In total, we supplied 63 garments, including dark green and maroon suits, plush velvet pieces for the black-tie elements, and our latest jet-black suiting — the blackest fabric we’ve ever eveloped. Designed to absorb light rather than reflect it, these suits will read as truly black on stage, even under intense theatrical lighting.
From the moment we said yes, the project created a real buzz internally. We’re even taking a team field trip to visit the Royal New Zealand Ballet workroom — seeing the behind-the-scenes craftsmanship on their side has been just as inspiring as the final result.
Photo Credit: Ross Brown
Featuring Soloist Branden Reiners and Principal Ana Gallardo Lobaina.
Ana is wearing jewellery courtesy of Partridge Jewellers.
Suits are mostly designed for structure, not movement. What were the biggest technical challenges?
Traditional tailoring is about structure, silhouette and control — ballet is about freedom of movement. Bridging those two worlds was the central technical challenge.
Every decision, from fabric weight to stretch to construction, had to balance form with function. Jackets needed to maintain a sharp line while allowing arms to lift, extend and rotate freely. Trousers had to move with the dancers’ bodies without pulling, twisting or restricting, even during explosive choreography.
One of the most interesting developments was our jet-black suiting. Stage lighting can dramatically alter how fabrics appear, often washing out darker tones. This cloth was chosen specifically for its ability to absorb light, ensuring the suits remain visually powerful and truly black on stage — an important detail in a production as dark and psychologically charged as Macbeth.
This wasn’t about reinventing tailoring, but about reapplying its principles in a far more demanding environment.
Photo credit: Stephen A'Court
Macbeth explores power, ambition and image. How did those ideas influence the suits?
At Rembrandt, our mission has always been simple: we make men feel confident with the right fit. That philosophy translated surprisingly seamlessly into this production.
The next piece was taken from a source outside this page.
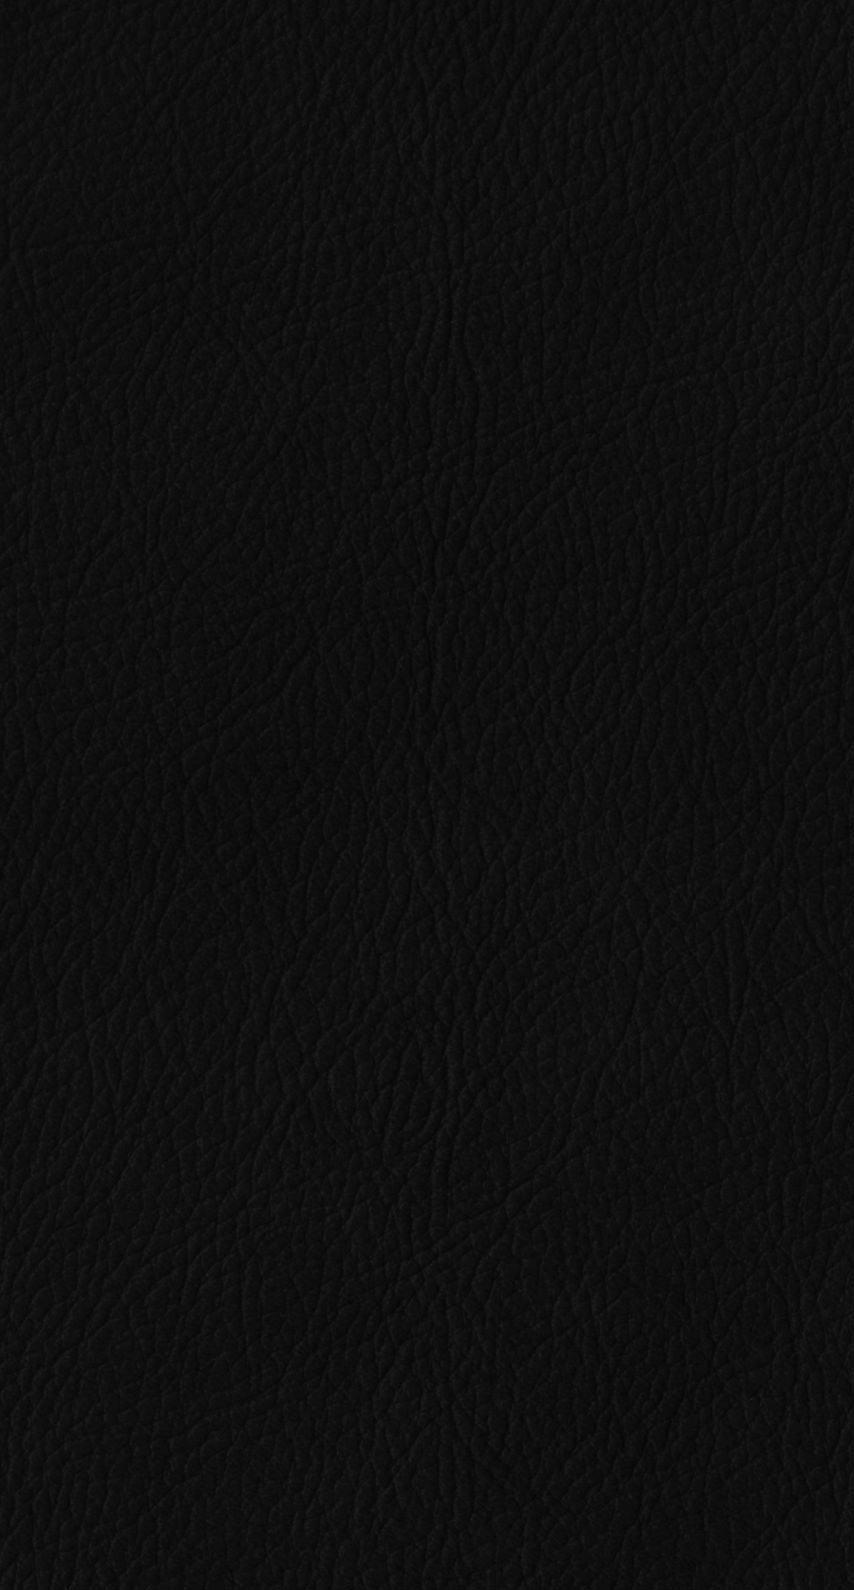 Black Wallpaper Sc Iphone7

In Macbeth, clothing isn’t just costume — it’s a visual expression of power, control, status and transformation. The “right fit” here wasn’t only about physical measurements, but about ensuring each garment felt right for the character wearing it.
We thought carefully about silhouette and proportion — how longer lines, sharper shoulders or more relaxed shapes could reinforce dominance, authority or internal conflict. In that sense, tailoring becomes storytelling. The suit supports the dancer in embodying who they are on stage, just as it supports a man stepping into an important moment in his own life.
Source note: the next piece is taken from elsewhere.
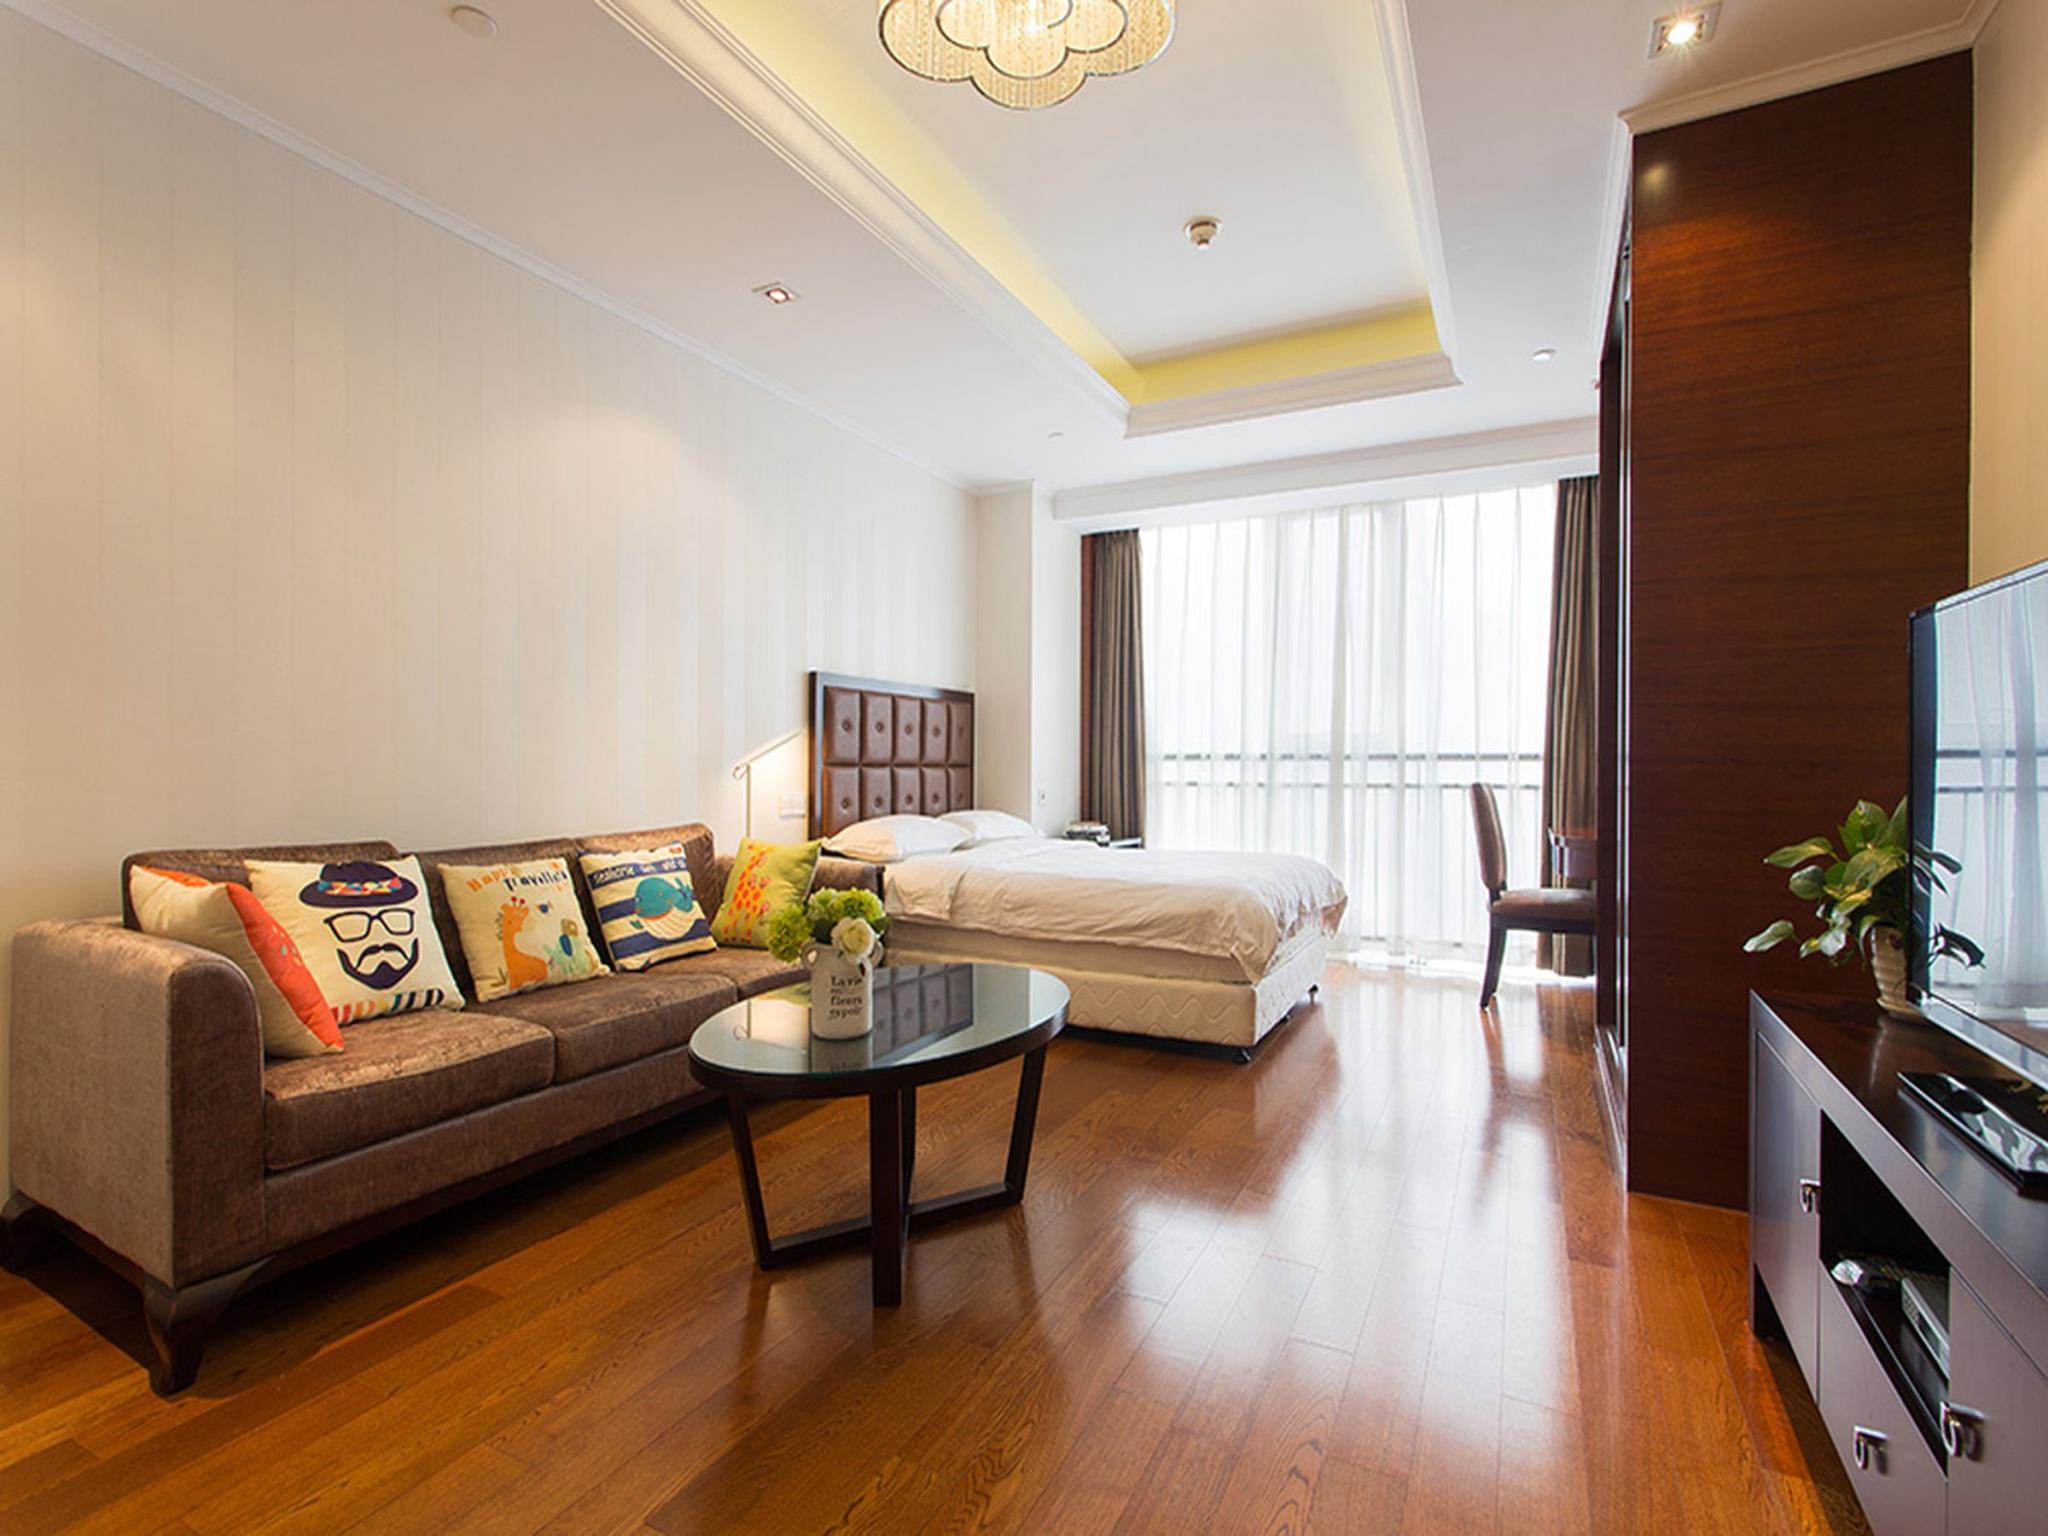 Qingdao Jinshan We Holiday Apartment Wu Si Square, Qingdao

While we didn’t directly recreate archival pieces, our decades of tailoring knowledge absolutely informed the work. There’s an inherent timelessness in well-cut menswear, and that sense of enduring authority felt entirely appropriate for Shakespeare’s world.
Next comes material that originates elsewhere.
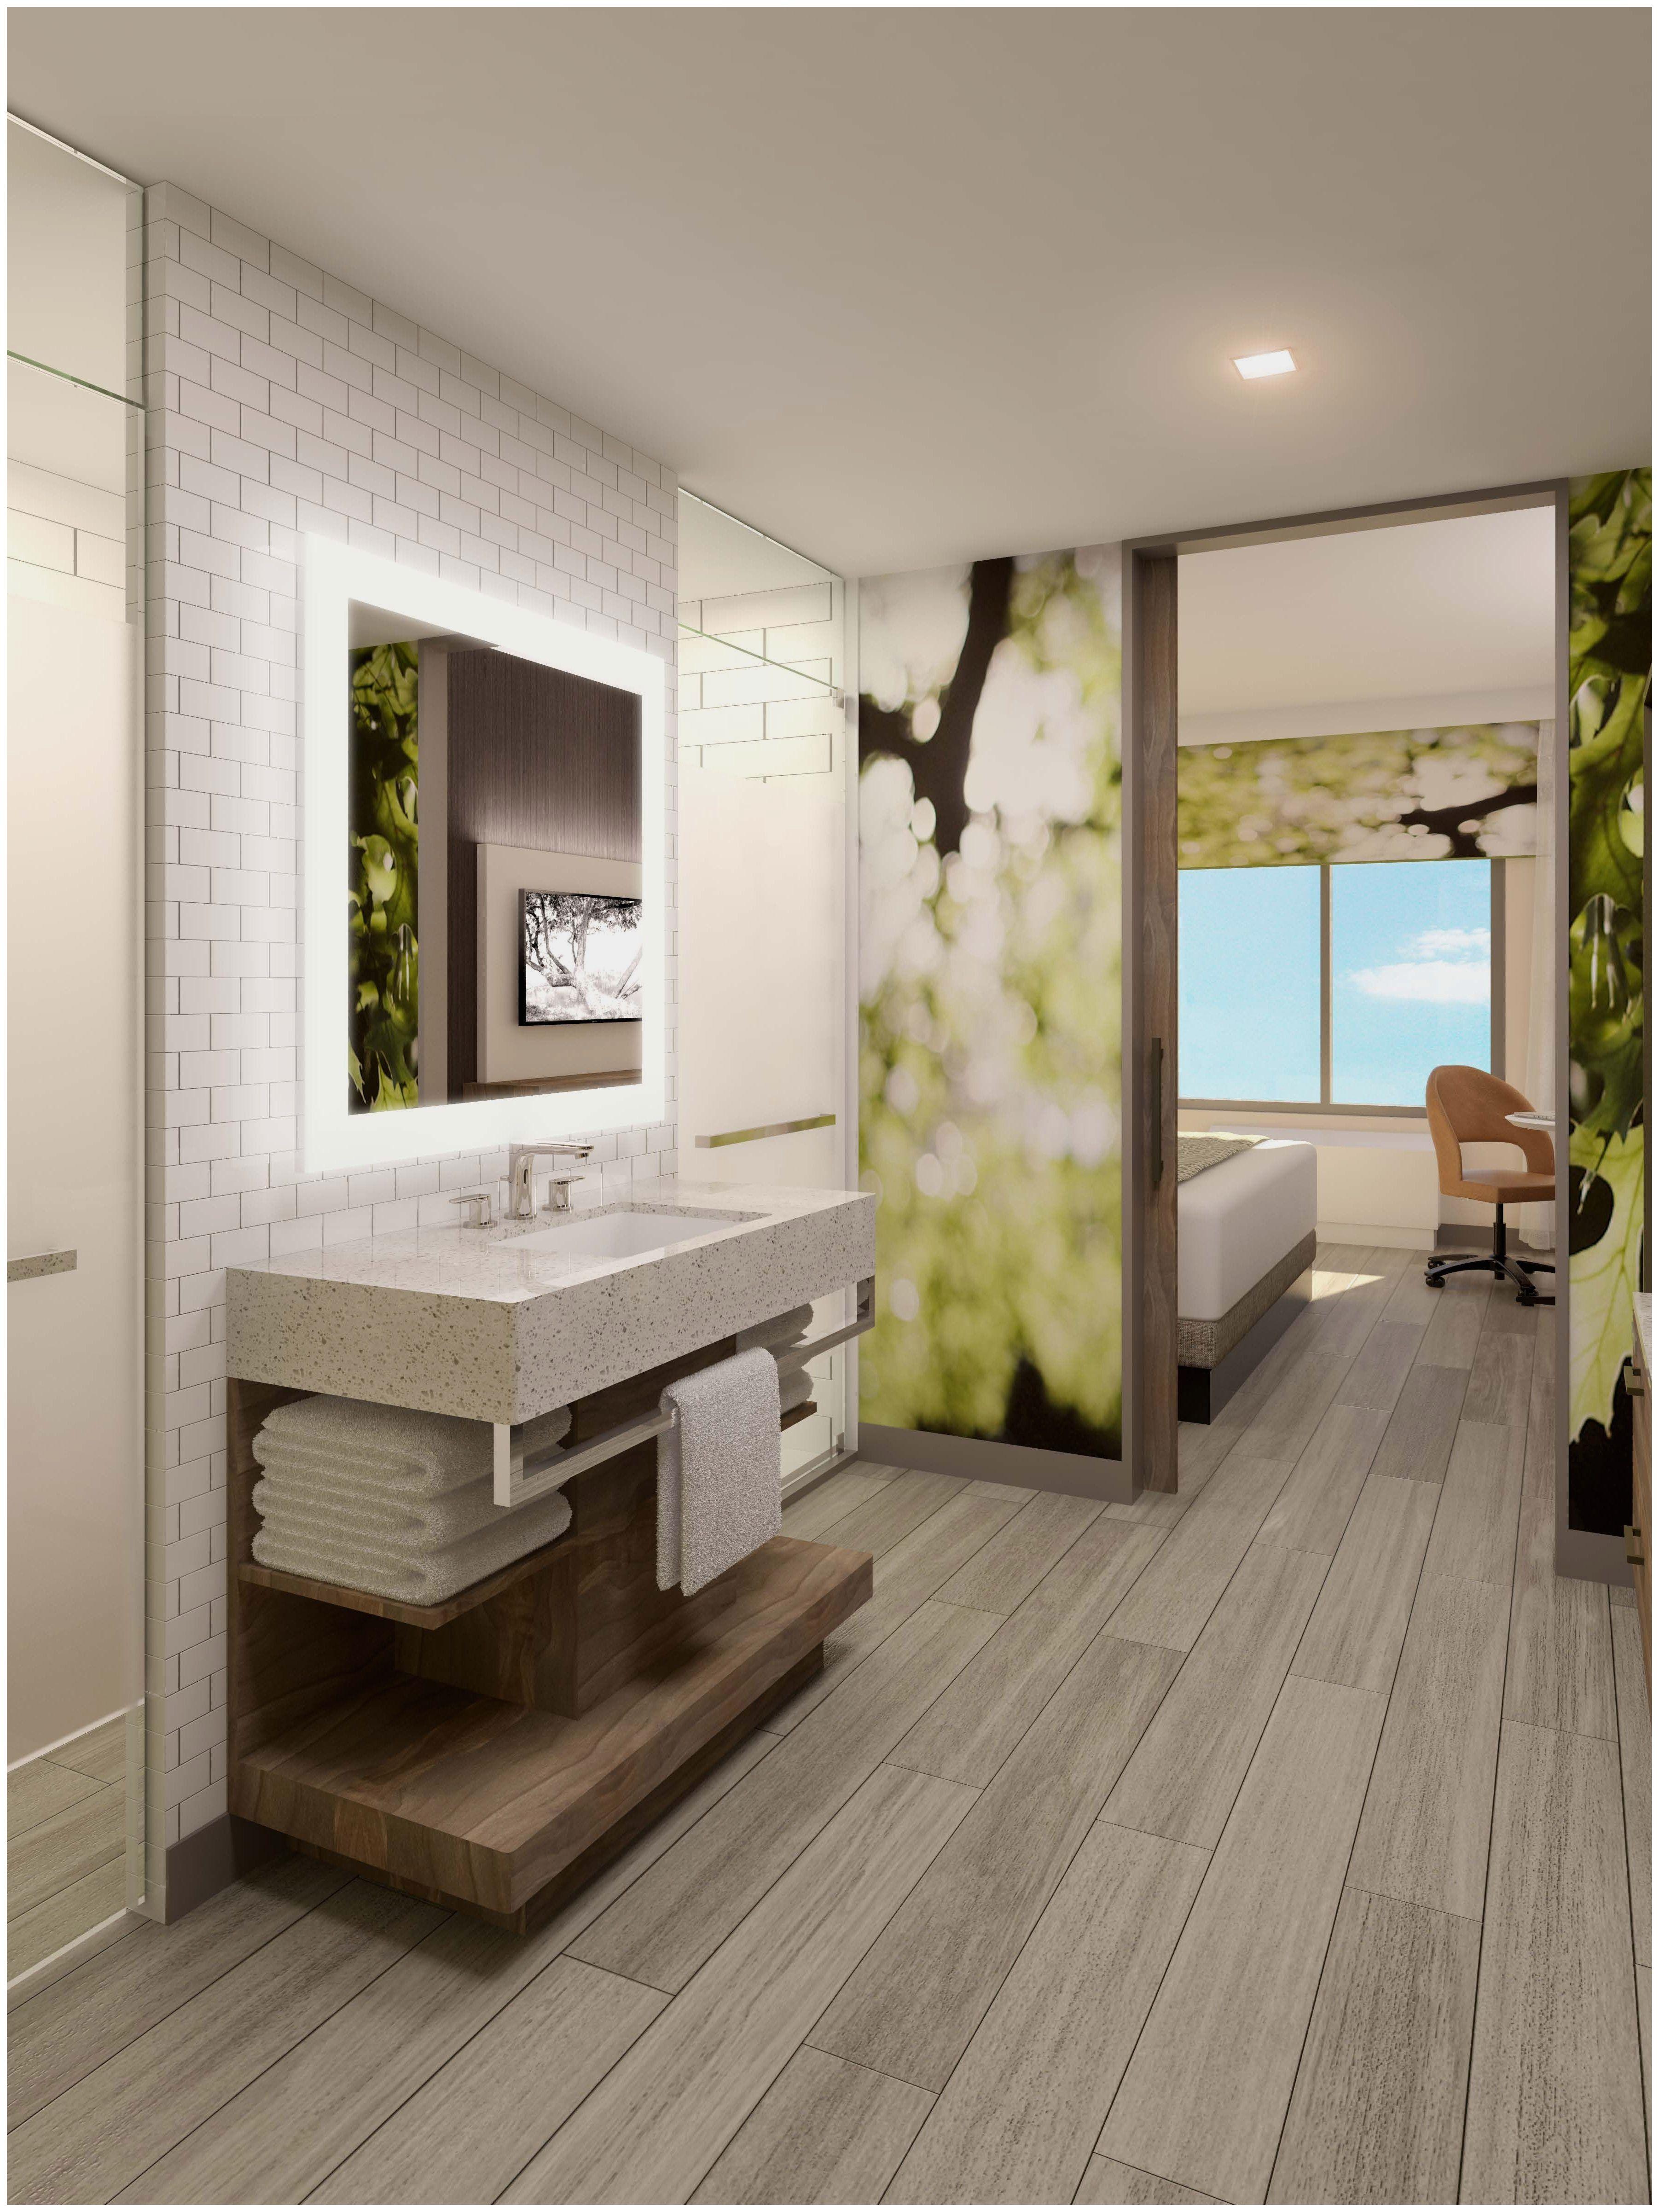 20 Inspirational Used Bathroom Vanity for Sale Near Me Image ...

Photo credit: Stephen A'Court
Anything else you’d like to add?
This collaboration reminded us why craftsmanship matters. Whether it’s for a wedding, a boardroom, a stage or a ballet, clothing performs best when it’s made with care, intention and respect for the body wearing it.
Working with the Royal New Zealand Ballet has been an inspiring exchange of craft — tailoring meeting choreography, heritage meeting performance. We’re incredibly proud to see Rembrandt on stage in Macbeth, and to play a small part in bringing this powerful production to life.